Workshop: Provocations for OKN development

Published onJul 31, 2019
What original knowledge do you want others to use?

Indicate which project you’re part of after each item

  • Layers of analysed metadata extracted + inferred from patents — KFG, III

  • Metadata + inferences from scholarship + citation graphs — Scholia, SemScholar

  • Public identifiers (and a list of multi-identifiers) for entities — Wikidata, GRID

  • ..

What refinements can you contribute upstream?

Your sources may welcome corrections/refinement. Imagine there is a global event stream for these updates, and you don’t have to negotiate with sources about whether or how to accept your refinements — just share that they happened, let curators find them & apply them at some point in the future.

  • Article disambiguation: Article names, authors, titles — from fatcat, MAG;

  • Patent disambiguation: from III, Lens;

  • Citation graph refinement — from MAG, SemSchol?;

  • Share embeddings and related libraries

  • Publish preprocessed Wikipedia data : extend

What conversations about models, audiences, frames can you make visible?

This can be as part of provenance of a collection, or as hooks / spaces for conversation among parties.

  • Property crosswalks: LD4L + Wikidata — property discussions on Wikidata

  • Authority file crosswalks: LOC + Wikidata — via LOC ID addition to Wikidata (as of May 20) [but conversations are the exception]

  • Bot/script evaluation for AKBC: Wikidata/WP bot approval discussions (address false positive issues + ways to resolve them)

What tools + services could be shared across the network, to augment humans + machines?

And what's needed to integrate these into existing popular workflows or world models?

  • Tool templates for high-volume human curation: Toolforge (Wikidata)

  • Embedding services: (OKE/Data Chefs)

    • model embedding with learned vocabulary,

    • compute embedding over a dataset, or over the entire OKN

    • publish + store embedding : an archival store, a reference and index, so it may be found and consumed

  • An OKN search index? web crawling + indexing infra.

    • Include Common Crawl or better. Currently very unwieldy

      • Current monthly dumps are ~ ok.

    • Connect wiki draft spaces (e.g. for autogenerated articles!)

    • Consider a federated space for articles!

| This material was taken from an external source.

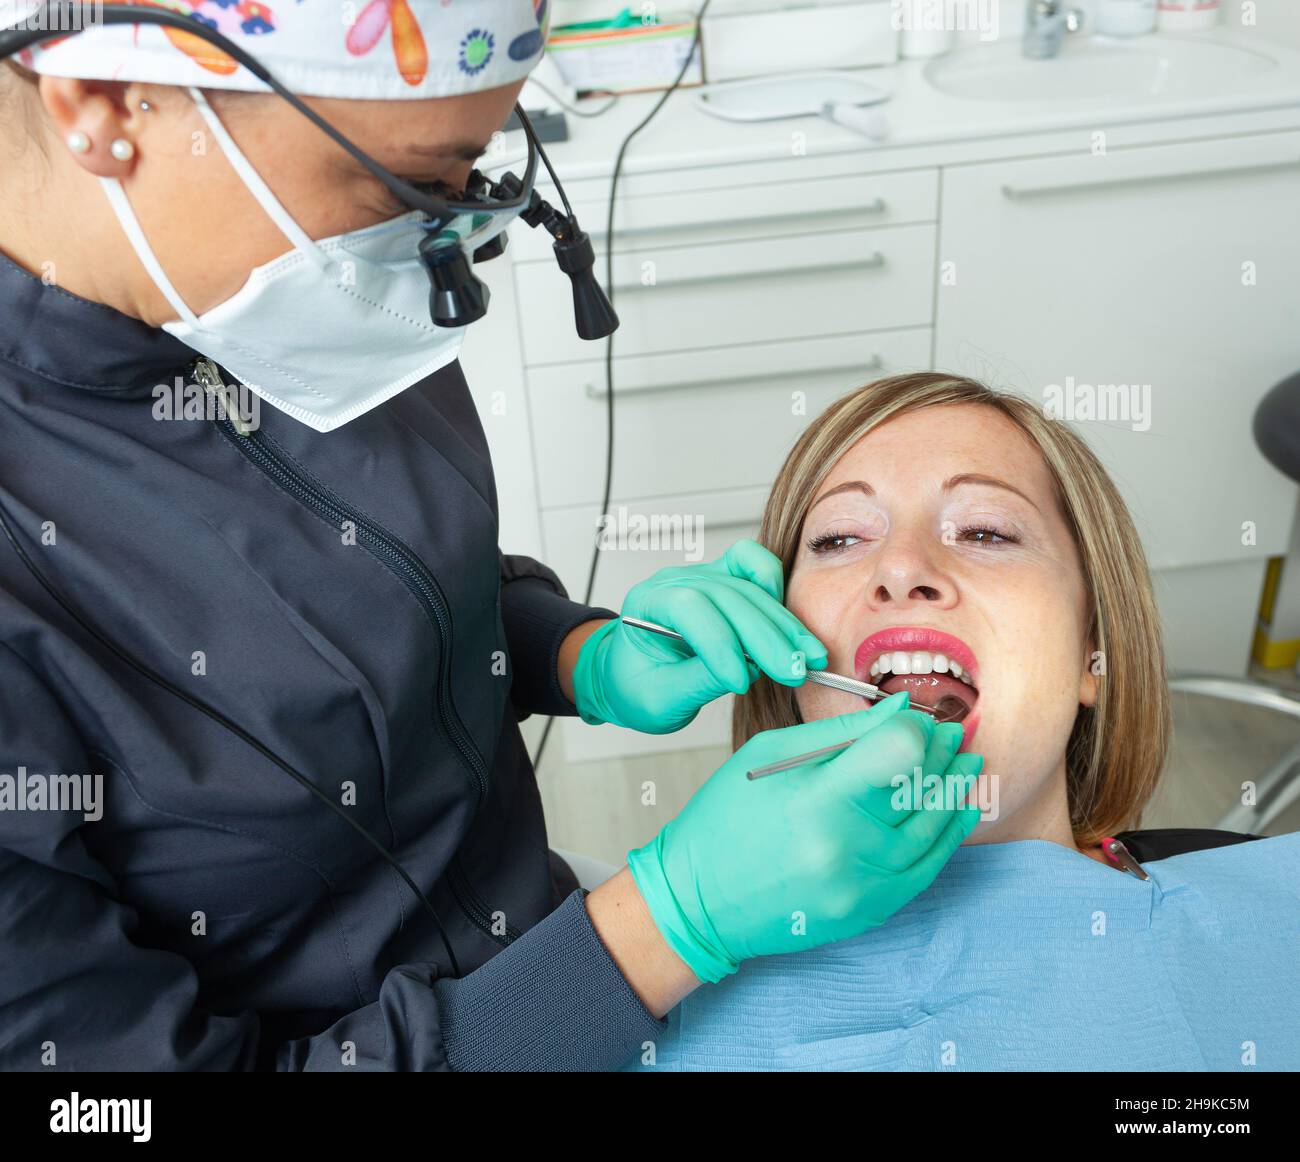 Young Blonde Female patient with open mouth examining dental inspection at dentist office. Stock Photo

  • Build a fair-use + -nc friendly draft space? for glams + research on common crawl &c.

Potential next steps:

+Write up OKN improvements / from different perspectives
+Write to ML enthusiasts from the conf, to get feedback on what formats would make their work easier
++ Getting more data into UCI? (via N.Monath)
+ Tehink about how to get these data slices and services into popular tools
List challenges: it’s fine to use shared idents. When you start talking about similar things you’ll have arguments over standard representations…